To minimize participant burden and remove transportation barriers, we conducted baseline, 6-month, and 12-month assessments in participants’ homes. Participants received a $40 incentive after each assessment. Detailed study measures26 are briefly described here.
The trial's primary outcomes were self-reported minutes per week of moderate-to-vigorous physical activity and self-reported dietary fat intake. We measured physical activity with the 41-item Community Health Activities Model Program for Seniors (CHAMPS) physical activity questionnaire.39 The interviewer-administered CHAMPS covers activities undertaken for exercise, physical-in-nature activities undertaken in the course of one's day, and physically active recreational activities during “a typical week in the past 4 weeks.” Activity frequency is assessed in times per week. Duration is classified by use of 6 categories, ranging from “less than 1 hour per week” to “9 or more hours per week.”

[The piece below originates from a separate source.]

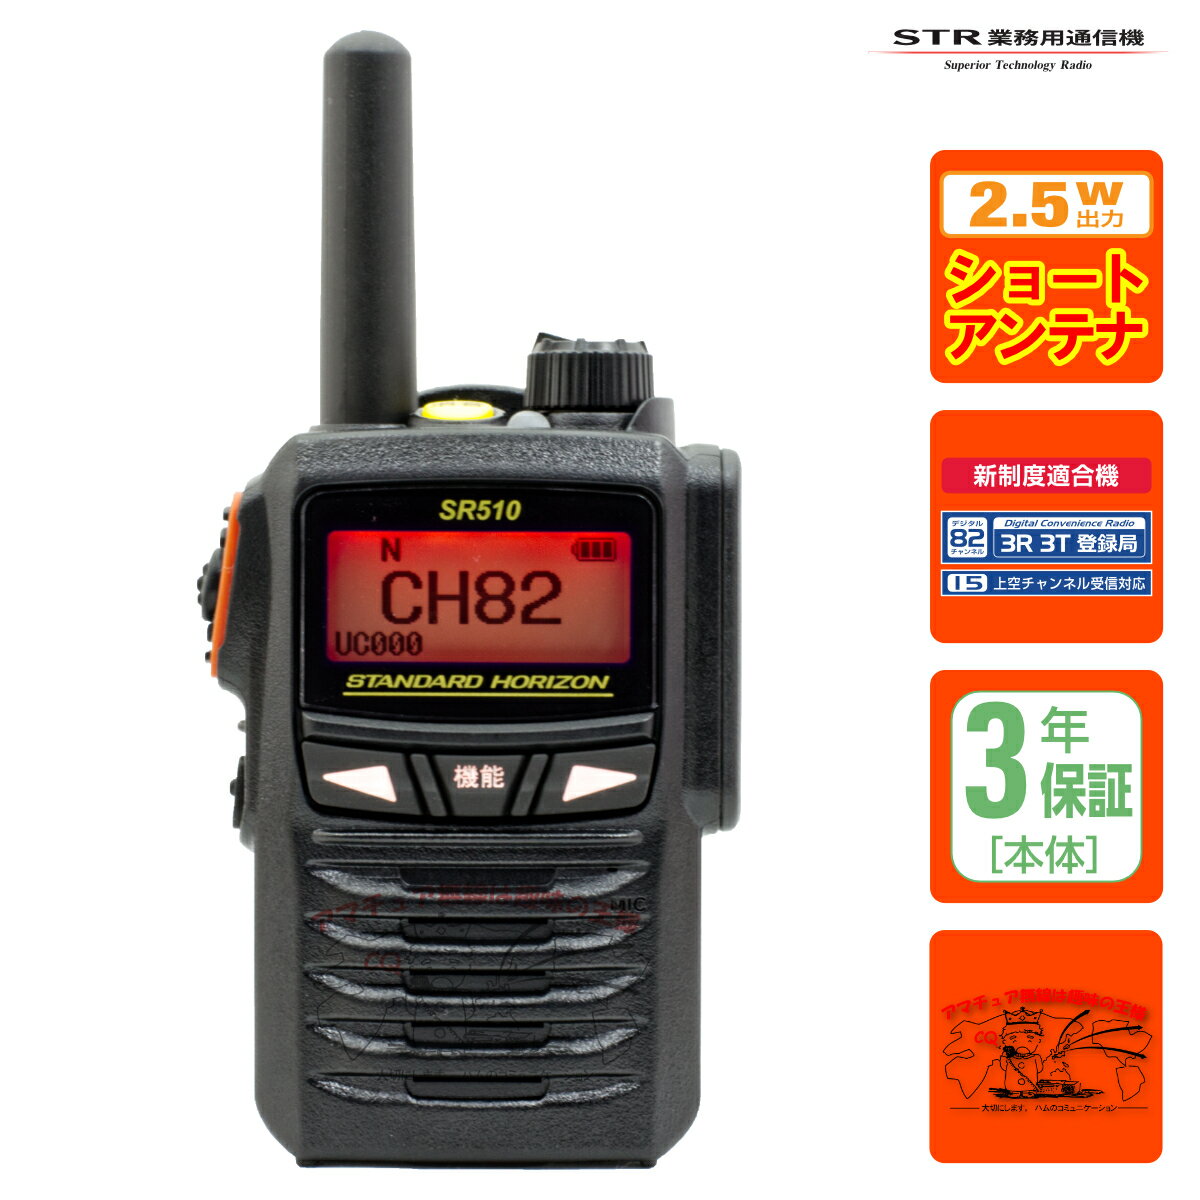 SR510+純正ショートアンテナ 82ch増波対応 STR業務用通信機 携帯型2.5W デジタルトランシーバー
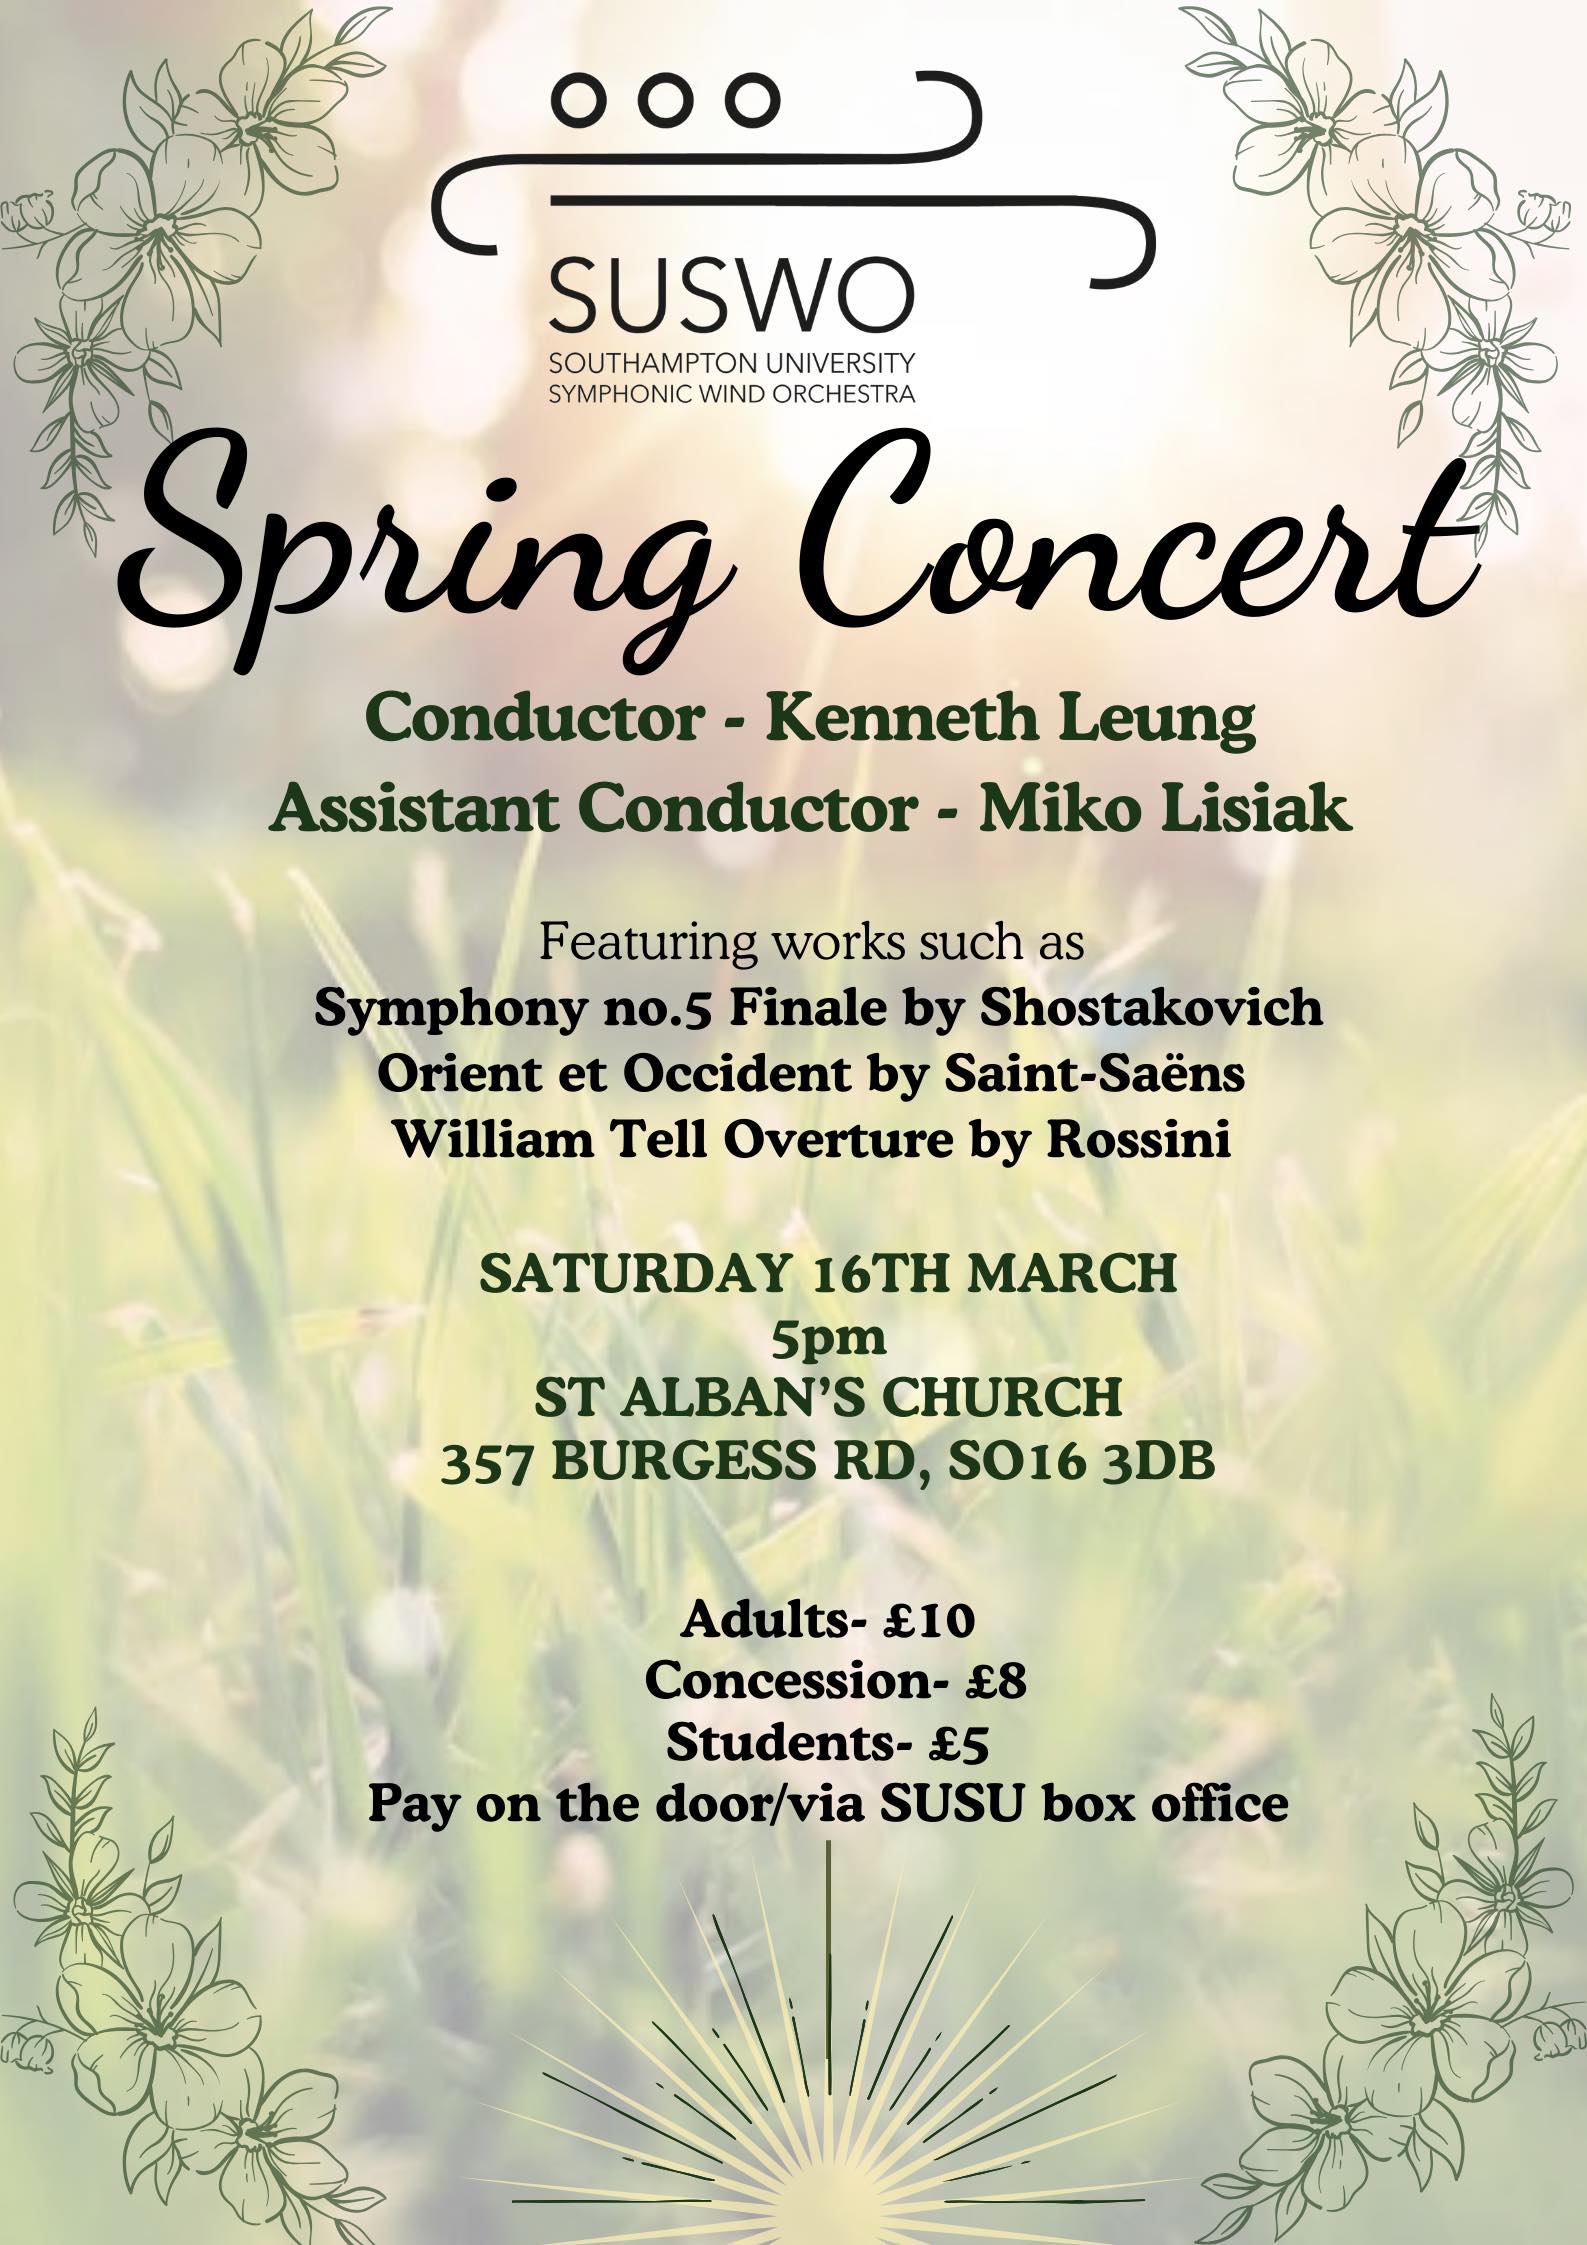 Southampton University Symphonic Wind Orchestra Spring Concert

For the analyses, we calculated the number of hours per week spent in all types of physical activity covered in the CHAMPS questionnaire. Because the trial emphasized purposeful activity or exercise, we also computed hours per week spent in moderate-to-vigorous physical activity during leisure time (excluding activities related to gardening and housework). CHAMPS has strong psychometric properties, including demonstrated validity,40 test-retest reliability,40 and sensitivity to change.36,39,41–43 Resnicow et al.44 validated a modified CHAMPS version in a population of adult African Americans.
We assessed diet with the 52-item New Leaf Dietary Risk Assessment (DRA).45 The DRA incorporates a food frequency approach and provides an assessment of dietary fat and cholesterol intake that is correlated (r = 0.60) with the Keys score, which measures the potential of the diet to raise serum cholesterol levels.46 The questionnaire was designed specifically for a low-income, rural, southeast US population. Each item is scored from 0 to 2, with a lower score indicating a more healthful dietary pattern (lower saturated fat and cholesterol). Scores from all questions are summed for a total DRA score, ranging from 0 to 104. Higher scores indicate a diet higher in saturated fat and cholesterol. Secondary analyses focused on 4 subscales produced by the DRA: (1) meats, (2) side dishes and snacks, (3) dairy products and eggs, and (4) spreads, dressings, and oils. The original DRA score for spreads, dressings, and oils is the sum of 12 items (range = 0–24). Through instrumentation error, 2 items from the score for spreads, dressings, and oils were dropped and replaced with the participant mean of the remaining items to keep within the original scale range.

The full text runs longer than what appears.